How often do you read a sparkling 1000-word article and exclaim to yourself, "Now that should be preserved between hard covers"? Not very often. When you do, the odds are that it will be a column. And when a piece has you wondering why a tall tree fell and a small boy got up early in order to bring this self-indulgent dross to your breakfast table, that will be a column too.

"The British press is now overpopulated with second-rate performers," declares Christopher Silvester in his Penguin Book of Columnists (pounds 25). There are certainly large gangs of the species wittering away about how they coped during the cleaner's week off or copying out a news story and adding the exhortation that This Has Got To Stop.

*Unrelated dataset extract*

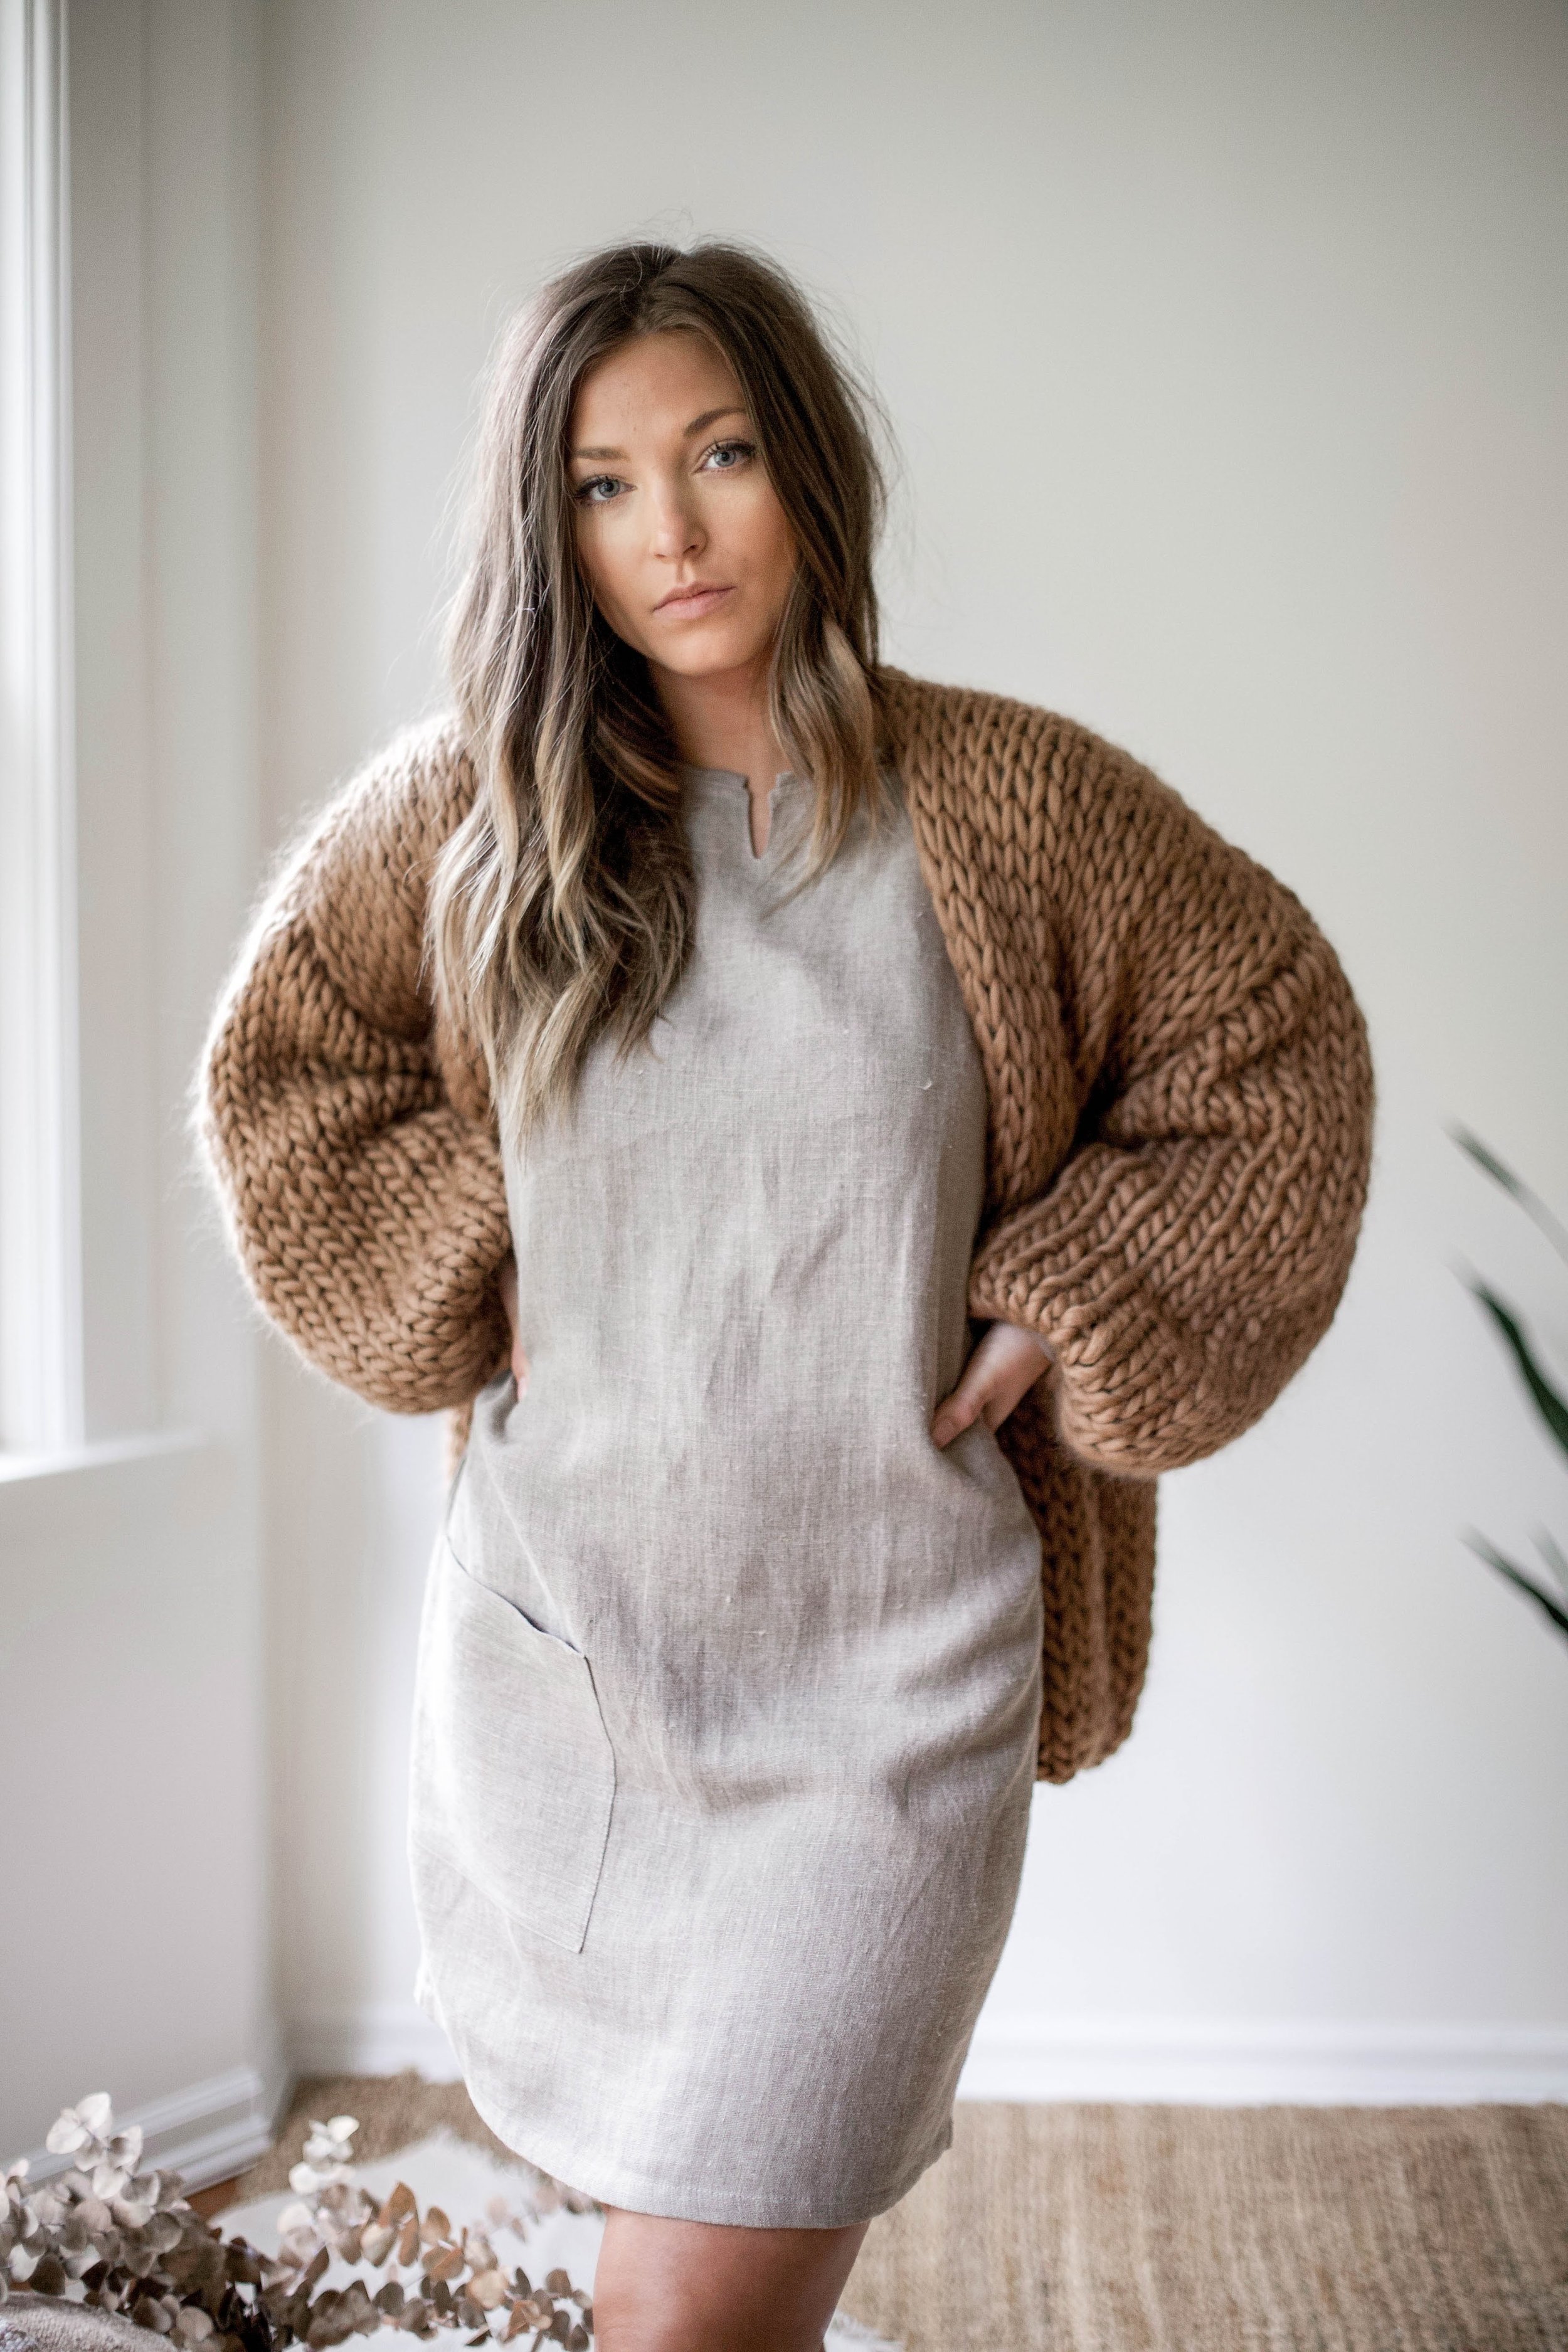 nomi-designs_ali-dress_natural-linen-dress-with-pockets_front_styled-with-oversized-hendik-lou-sweater-details.jpg
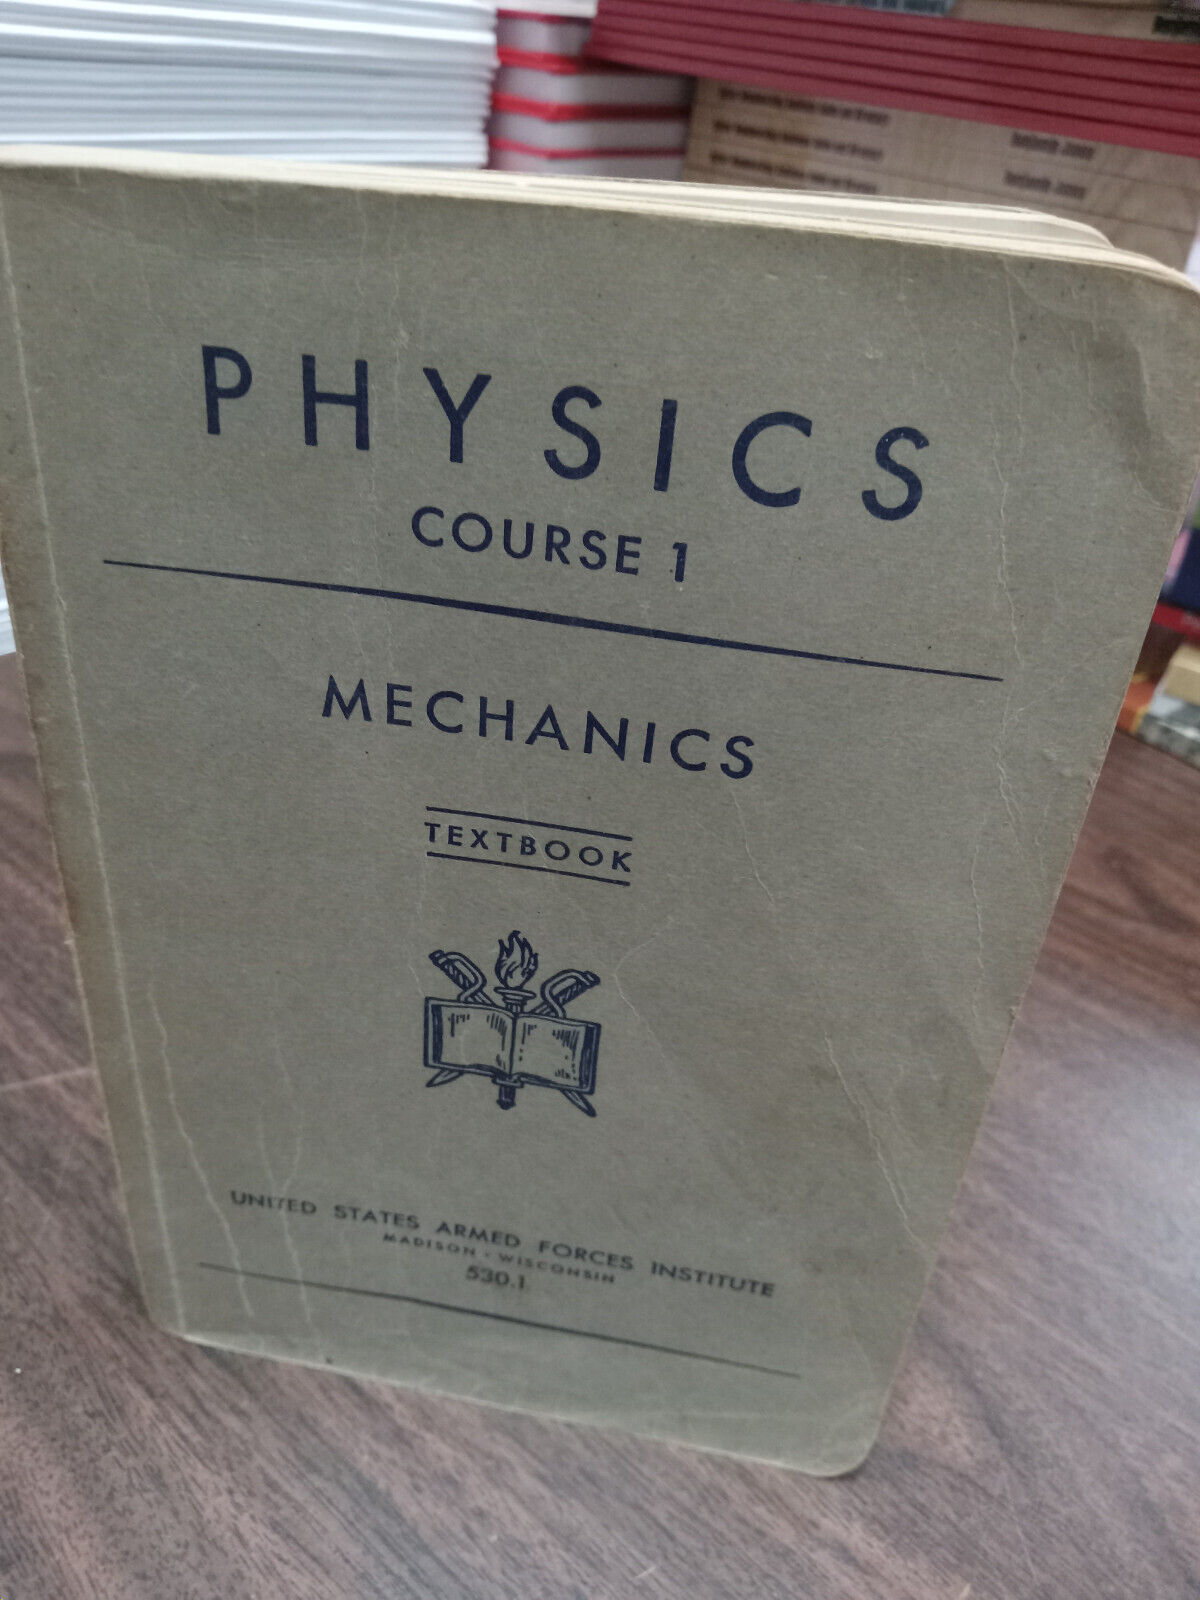 1943 WWII Physics Course 1 Textbook Mechanics US Armed Forces Institute 530.1

And there is Julie Burchill. Wisely, Christopher Silvester has not made house room for Stalinist Thatcherites with (grudgingly, I admit it) a nicely turned phrase. Instead, his book aims to give us first-rate performers to fill the current columnar gap. Well, it scores at least three hits: Keith Waterhouse, Keith Waterhouse and Keith Waterhouse. The man whose creative nostalgia makes him possibly the King of the Columnists, is represented here by the Sofa That Terrorised Brighton, the Ideal Homes of Essex and The Three Wise Social Workers. There are a couple of classics of the sickroom by the late Jeffrey Bernard, part of the raw material for the Waterhouse West End show Jeffrey Bernard is Unwell.

Anyone who published such a collection without including a couple of Michael Frayn gems would have his door kicked in at dawn by a Trades Descriptions hit squad. Silvester has done us proud. For older readers, there is a P-P-Patrick Campbell number based entirely and hilariously on the postmark of "Monmouth, Home of the Mole Wrench", a piece I always thought was written by Paul Jennings, who in fact wrote the one about being locked in a hotel bathroom on page 339.

Damon Runyon, when not writing Guys and Dolls, hammered out a piece about walks with Walter Winchell: not only did the great broadcaster not listen to a word Runyon said, he didn't read the note Runyon passed him either - at least, not the right way up. Then there's Bernard Levin. The two examples here do him full justice: hamfisted, self-satisfied, obvious, pompous, long-winded. One is clearly intended to be satirical and the other isn't. Give me John Junor any day - which Silvester does, showing the Sunday Express monster wasn't as terrible as we thought.

Ambrose Bierce wrote some good things but the extract here isn't one of them. The great J B Morton ("Beachcomber" to you) is remembered for Mr Justice Cocklecarrot and Captain Foulenough. He is not remembered for the rudderless sailing saga that sinks slowly over five pages of the anthology. Worst of all are the oceans of space given to Americans like "Colonel John R Stingo" whose prose simply does not cross the Atlantic (or even, I suspect, the street). A column has to produce some kind of resonance in a reader's brain. Stingo and Co remain silent and incomprehensible in 10pt type. It would have been much better to replace them all with the words used by one honest columnist in 1973: "I have nothing to say today."